*** Dataset extract Section Begins ***
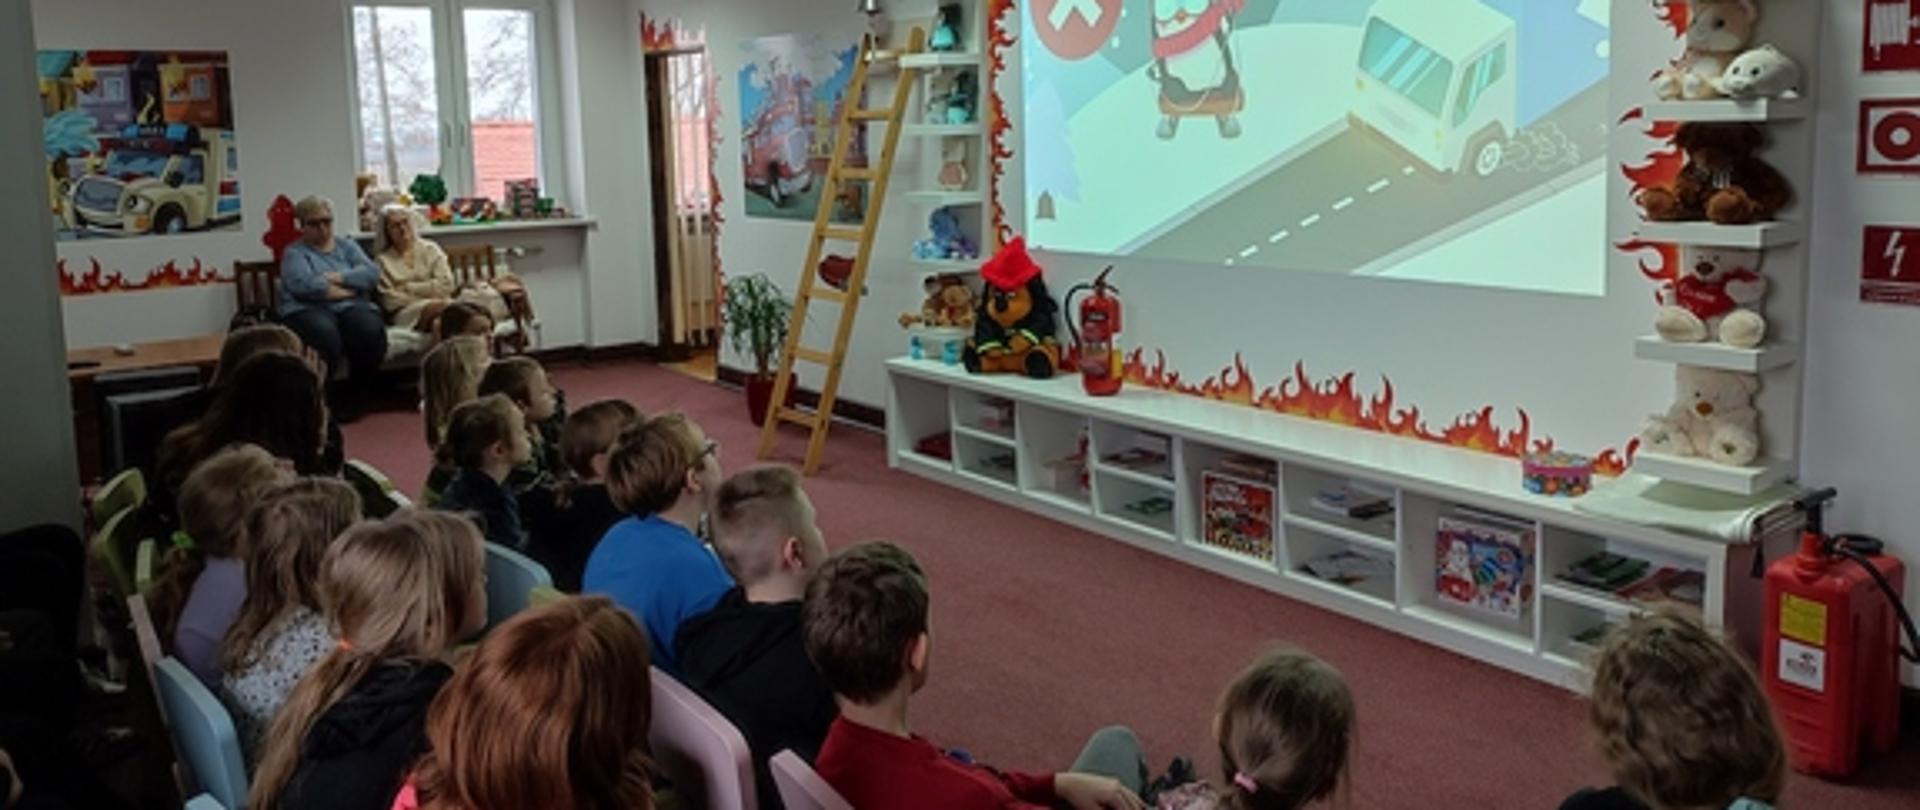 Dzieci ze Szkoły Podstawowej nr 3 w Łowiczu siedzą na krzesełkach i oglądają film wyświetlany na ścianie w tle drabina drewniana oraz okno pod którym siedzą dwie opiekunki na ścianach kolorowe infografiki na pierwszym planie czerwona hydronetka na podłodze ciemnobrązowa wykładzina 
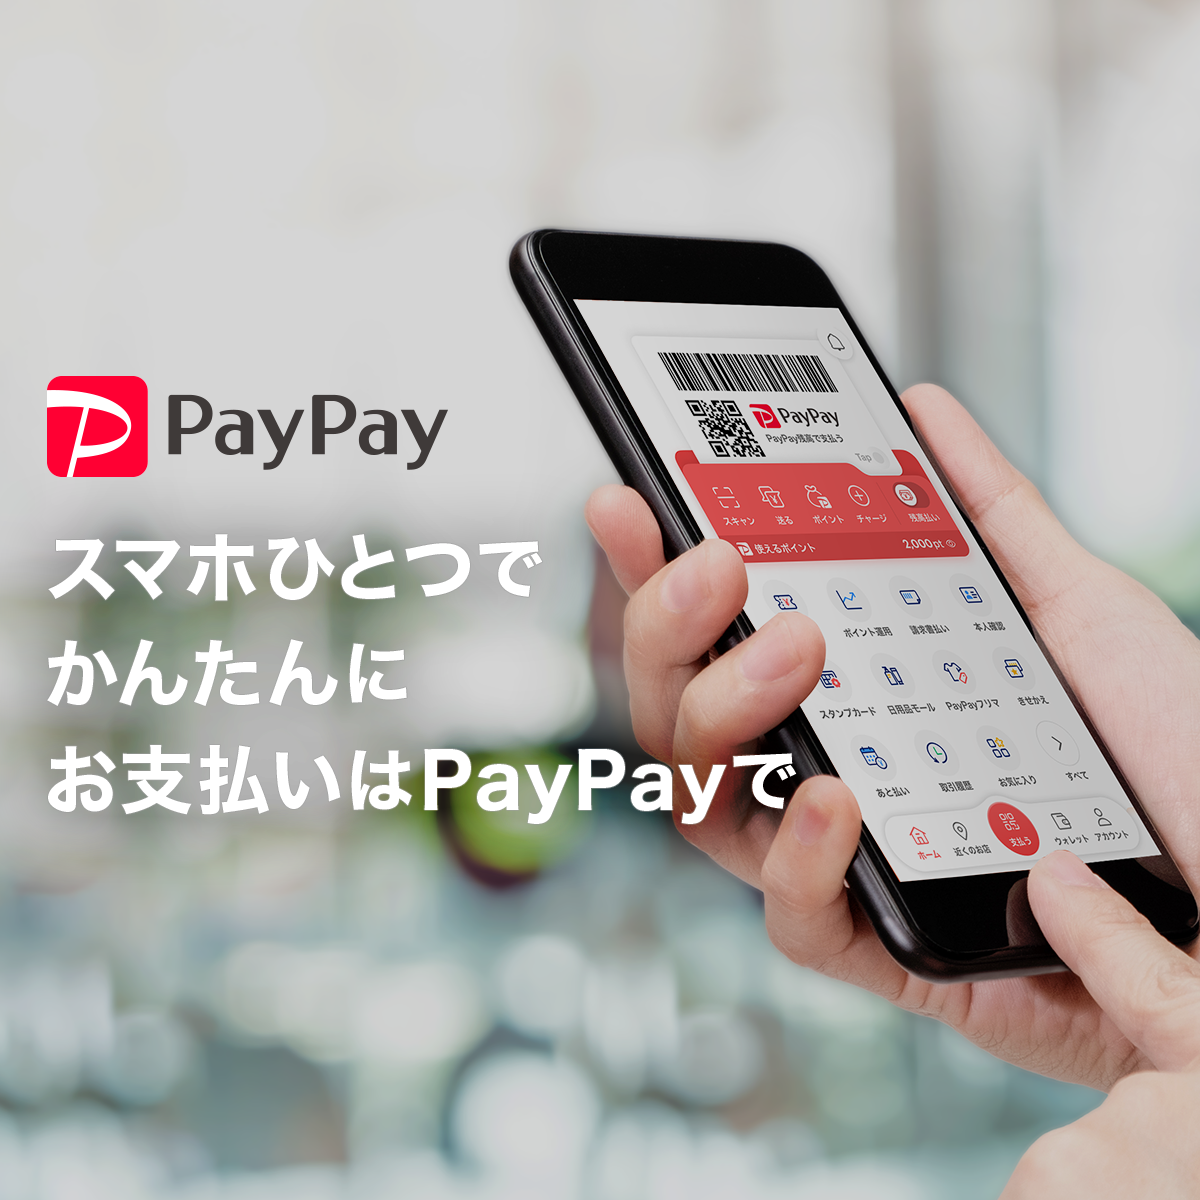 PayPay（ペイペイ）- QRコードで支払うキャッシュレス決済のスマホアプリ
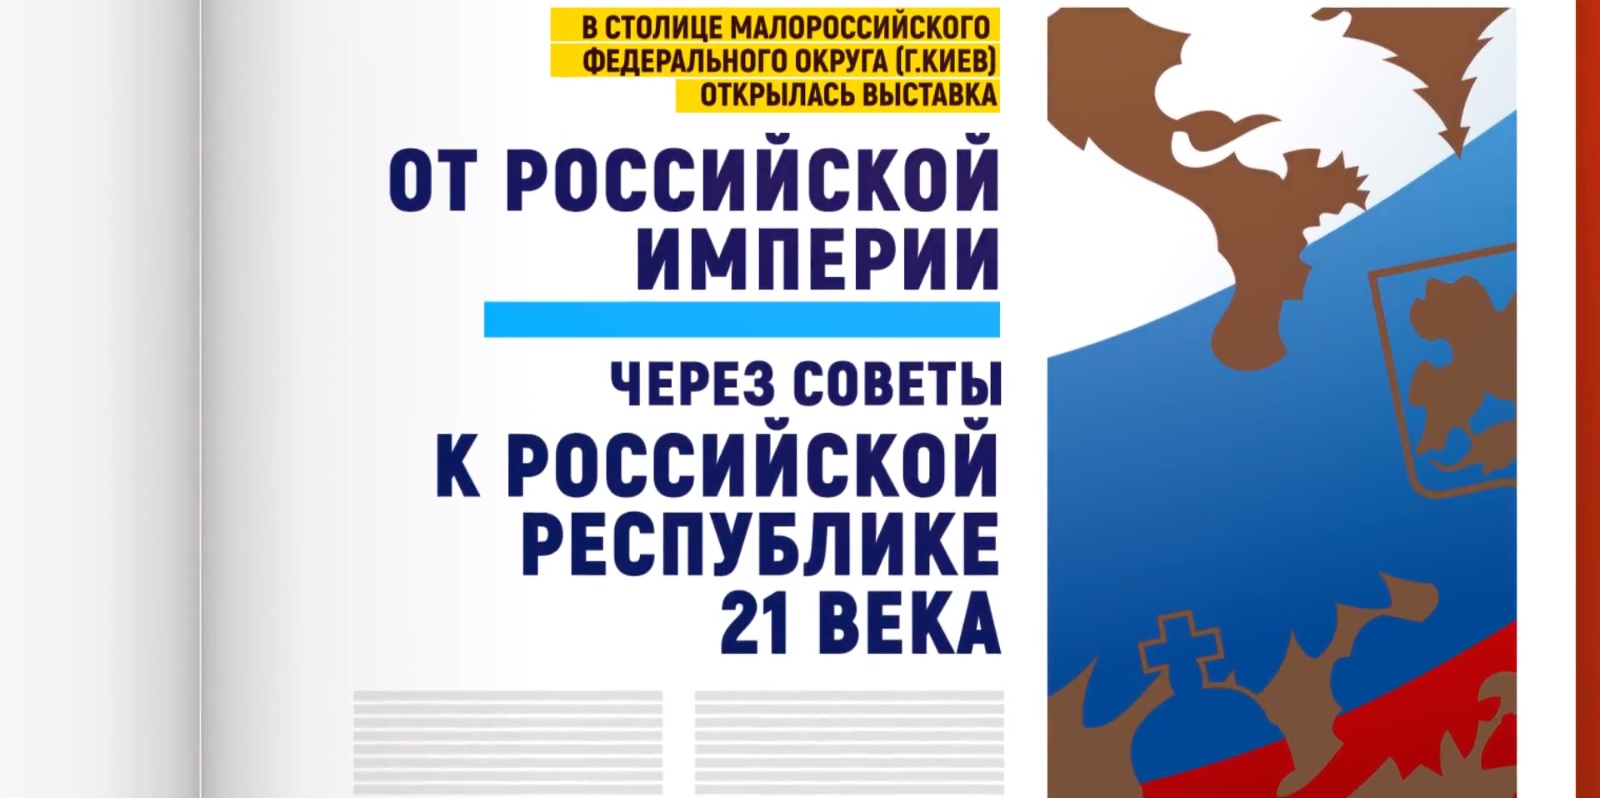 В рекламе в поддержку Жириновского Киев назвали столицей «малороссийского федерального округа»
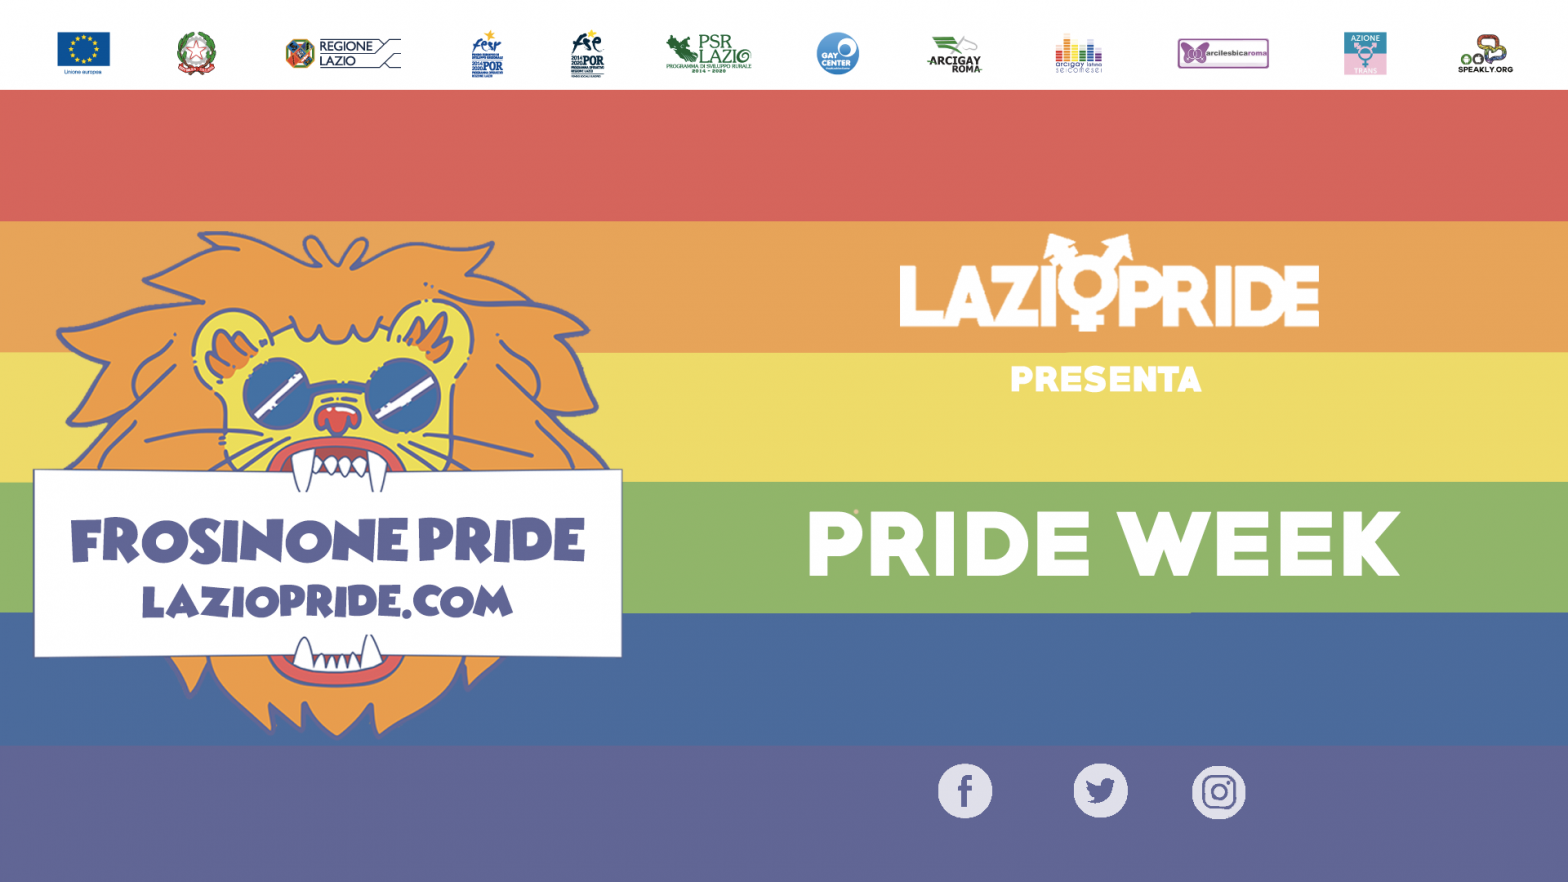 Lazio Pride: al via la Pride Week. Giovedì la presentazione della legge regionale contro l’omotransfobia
*** Dataset extract Section Ends ***
Try it — If a picture falls within the span, leave it out, and reproduce exactly the lines from the one containing "PayPay（ペイペイ）- QRコードで支払うキャッシュレス決済のスマホアプリ" through the end of the material, and no others.

Output of the task —
 PayPay（ペイペイ）- QRコードで支払うキャッシュレス決済のスマホアプリ
 В рекламе в поддержку Жириновского Киев назвали столицей «малороссийского федерального округа»
 Lazio Pride: al via la Pride Week. Giovedì la presentazione della legge regionale contro l’omotransfobia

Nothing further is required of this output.